Grizzle Gray vs Passive
Grizzle Gray and Passive come from the same Sherwin-Williams collection. Both sit in the grey family, which is useful context if you're narrowing within a single hue direction. The 47-point LRV gap — 60 for Passive vs 13 for Grizzle Gray — means Passive will open up a space more effectively. Both share a neutral character, which means they'll respond to light and surrounding materials in similar ways. A ΔE of 39.4 puts these firmly in different territory — two distinct design choices rather than close alternatives. Below you'll find 2 real-room photo comparisons where both colors appear side by side, plus 5 simulated room previews.
Grizzle Gray vs Passive in Real Spaces
2 real rooms side by side. Seeing Grizzle Gray and Passive in actual rooms makes the difference concrete; browse the spaces below to get a feel for how each color lives on a wall.
Living Room
A living room wall sees more varied light than almost any other surface in the house, which makes the choice between these two more nuanced than a chip suggests. Passive reflects noticeably more light off the walls, making the space read more open than Grizzle Gray.
Kitchen
Kitchens often have the harshest, most revealing light in the house — under-cabinet LEDs and overhead fixtures that strip away subtlety. Passive returns significantly more light to the room — in a smaller or darker space, that difference in perceived brightness is hard to miss.
Color Details
Grizzle Gray vs Passive Simulated Comparison
5 simulated room previews — drag the slider on each to see Grizzle Gray on one side and Passive on the other.

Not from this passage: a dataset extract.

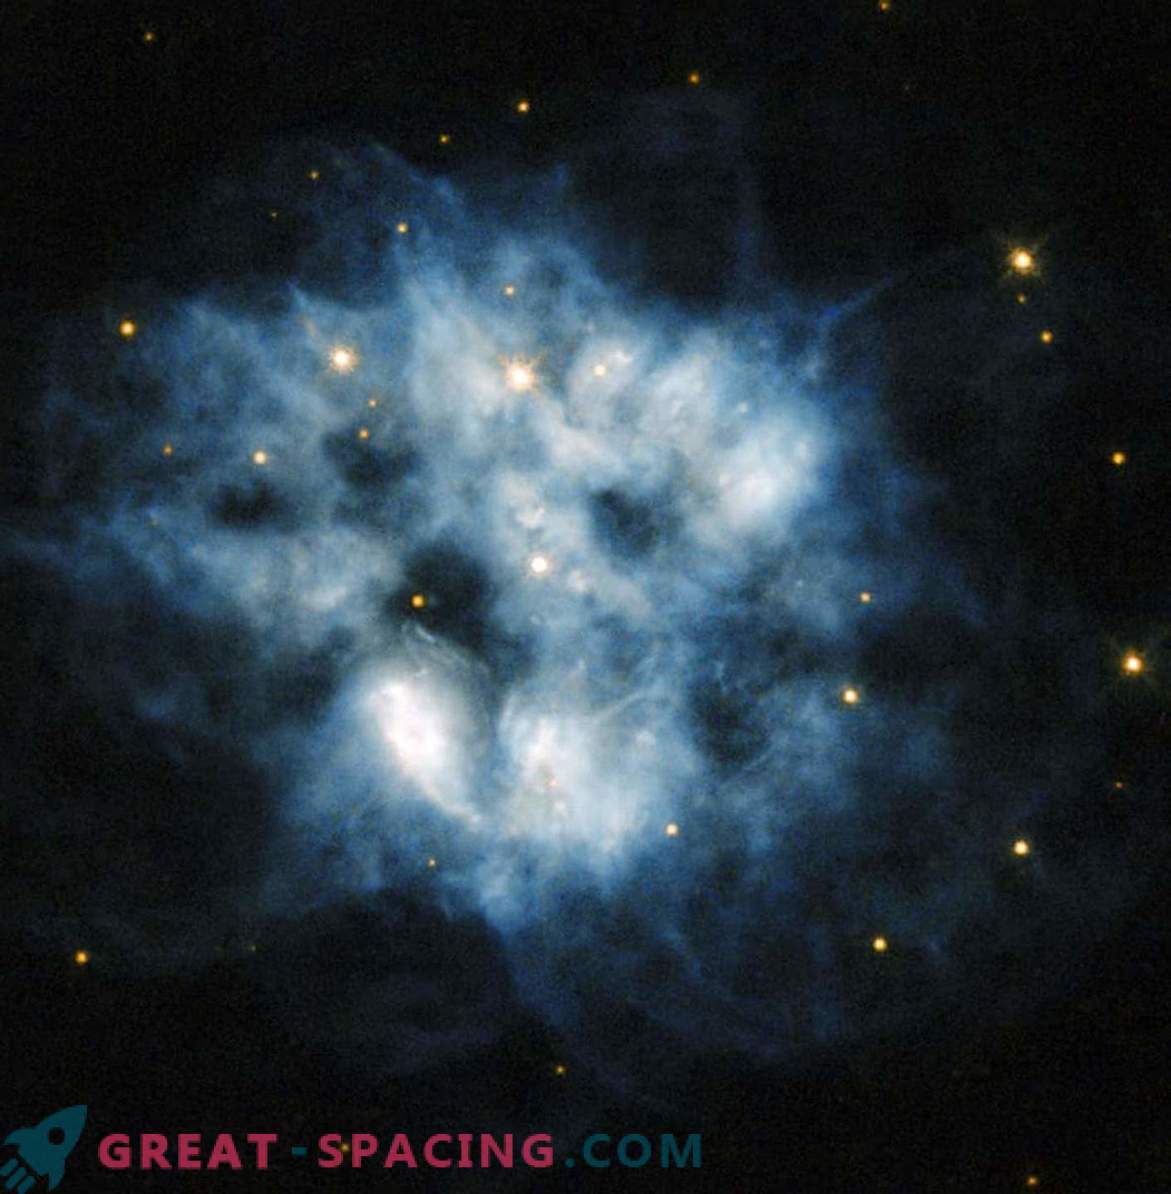 Ostanki supernove z močnim toplotnim sevanjem

Digital color is approximate. These simulations are generated from the manufacturer's hex values and overlaid on grayscale room photos — your screen's calibration, brightness, and viewing angle all affect how they render. Before committing to either color, test physical samples in your own space under the light you actually live with.
More Grizzle Gray comparisons
See how Grizzle Gray stacks up against other well-photographed colors across different brands and tones.